A commentary Platt coauthored in the UK medical journal The Lancet shows that, in many countries, demand for shelter and supported housing among sex workers has increased after sex work venues shut down, making it harder for sex workers to pay their rents. The stigma associated with sex work – often framed as a vector of disease – has intensified with the pandemic, and made the situation worse. “There have been reports of repressive policing towards sex workers, who have been thrown out of housing when sex work venues have been shut,” Platt says.
This lack of government support is mirrored in most countries around the world. In Georgia, for instance, sex workers do not have access to financial aid and there is growing homelessness. In Russia, homelessness among sex workers is rising, especially within the trans sex worker community, and police raids are becoming more frequent. In the US, financial schemes like rent relief, utility payment abatements, or unemployment checks require proof of employment, which sex workers cannot proffer. The UN Aids department points out that even in places like Germany, where sex work is legalised to some degree, sex workers have been offered nothing.
Currently, the only country with any support available is New Zealand, where sex work was decriminalised in 2003. Though the scheme hasn’t included sex workers with illegal residency status, sex workers have been able to access wage benefits and other relief and support protections like other workers, and come forward to claim support without fear of prosecution or discrimination.
“That’s an enormous difference from here,” says Adams. “Other countries like Thailand and Bangladesh and Japan, have included sex workers in some of the relief packages – it’s a bit arbitrary and hasn’t removed any of the criminality or stigma – but it’s much better than here where we’ve got nothing.”

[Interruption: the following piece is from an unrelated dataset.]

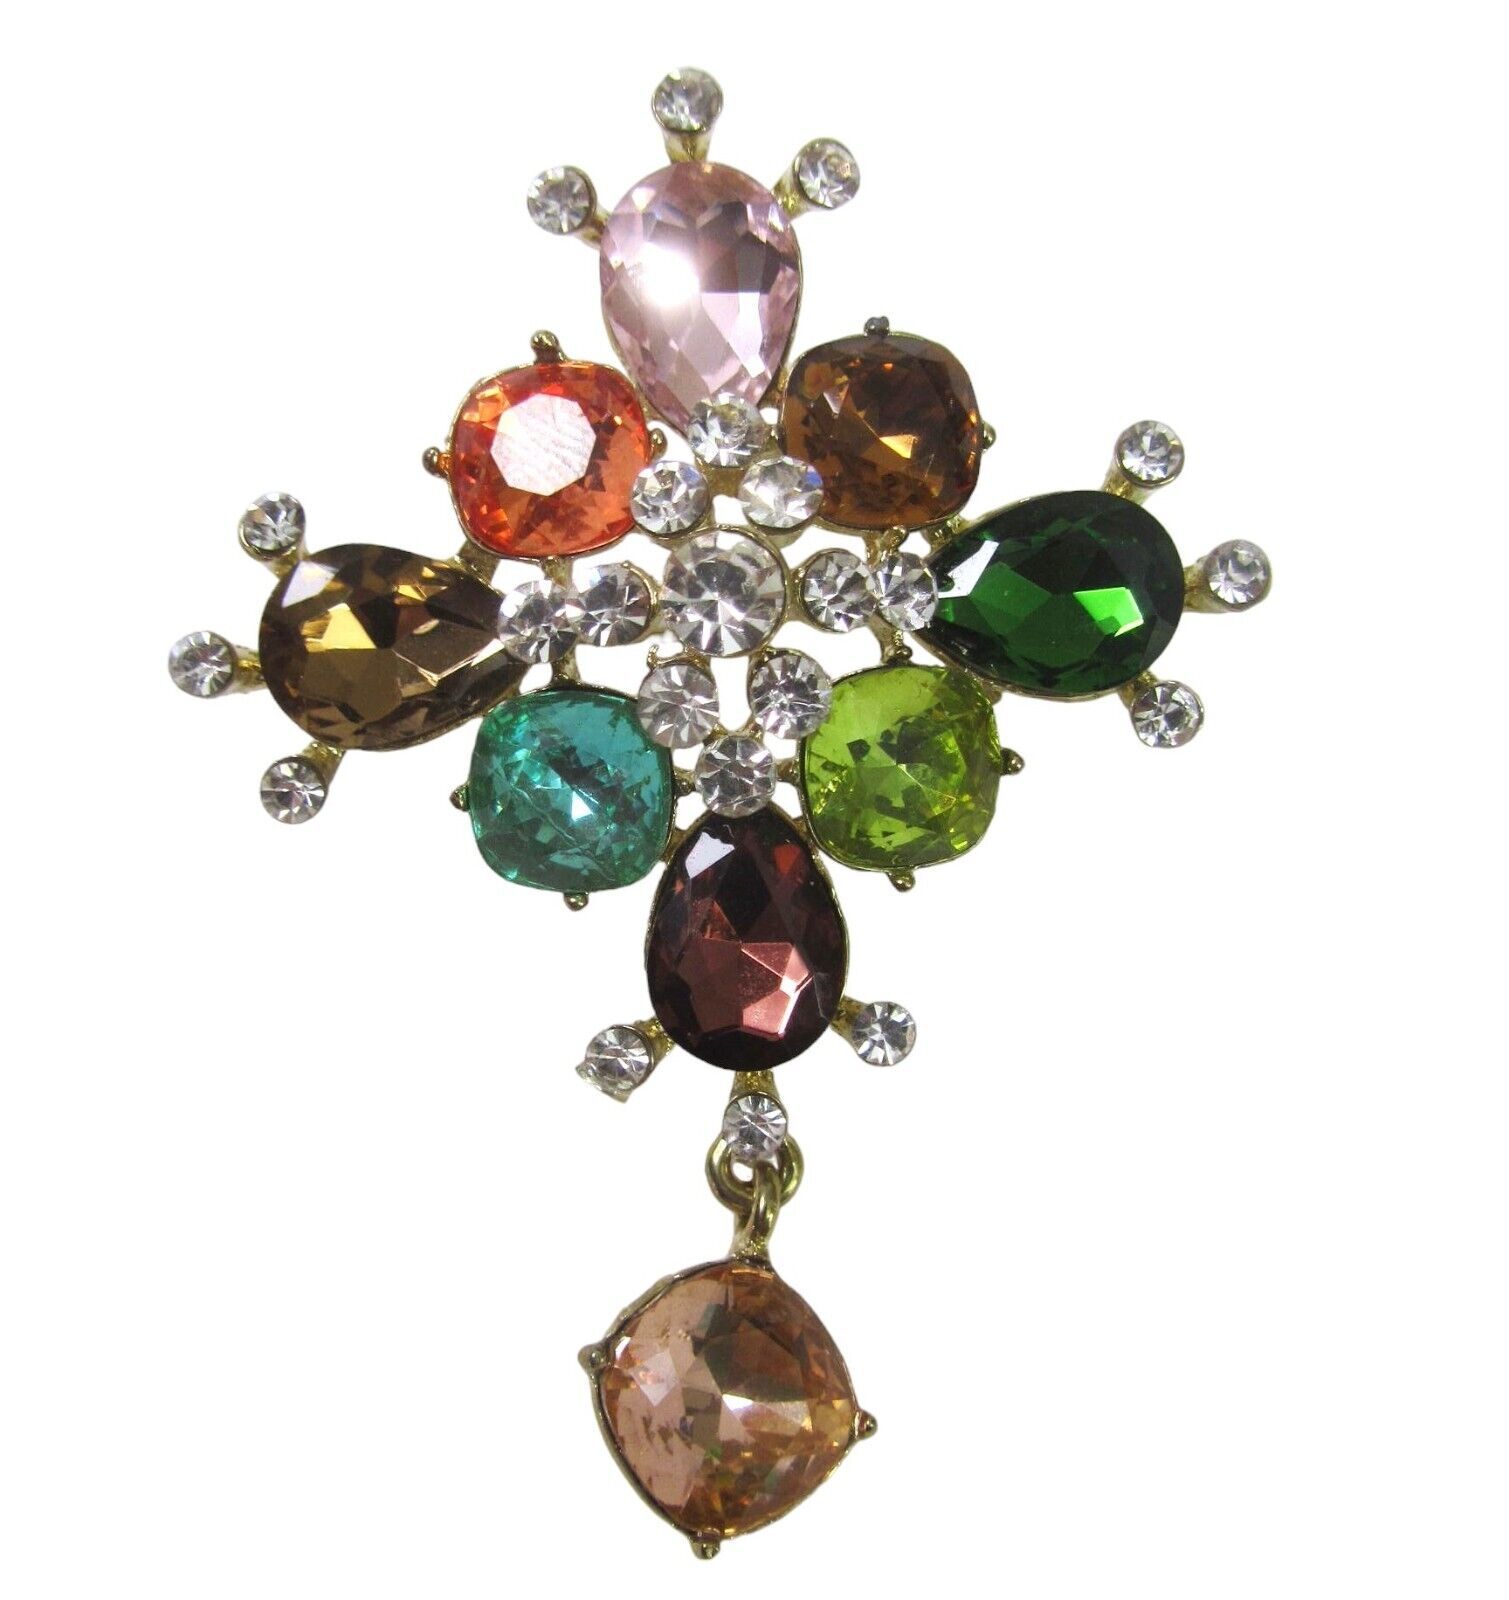 Primary image for Vintage Rhinestone Colorful Dangle Gold Brooch Green Orange Brown Stone 3" large

The UK does not necessarily need to look overseas to find better ways of handling the issue: it could simply turn to an old British law. “During a series of murders in Ipswich in 2006, where the imperative was to enable women to get off the street, the government provided immediate cash payments and a whole raft of other supports,” says Adams. “And women were able to stop working for a limited period while that support was in place.”
The study in The Lancet also suggests the concession of financial benefits and social protection for all sex workers including migrants with illegal or uncertain residency status, immediate cessation of arrests, raids, and prosecutions for sex work and minor drug-related offences, and Covid-19 testing and contact tracing among sex workers and marginalised group. “Sex workers need to be given the same social protection schemes as other small businesses or independent employees,” says Platt.
Right now, the only support has come from sex worker organisations. The Sex Workers Advocacy and Resistance Movement has launched a hardship fund. Umbrella Lane, a sex worker support project in Glasgow, is collecting funds through their emergency fund, and the Scottish government said more than £61,000 will be allocated to nine organisations across the country. “There’s been cuts to sex worker services over the last 12 years, so these organisations were already operating a significantly reduced new service,” says Platt.
But wholesale change is needed. “You have to face the fact that prostitution isn’t fuelled by men’s desires for sex, but by women’s needs for money,” says Adams. “You need to address women’s situations.”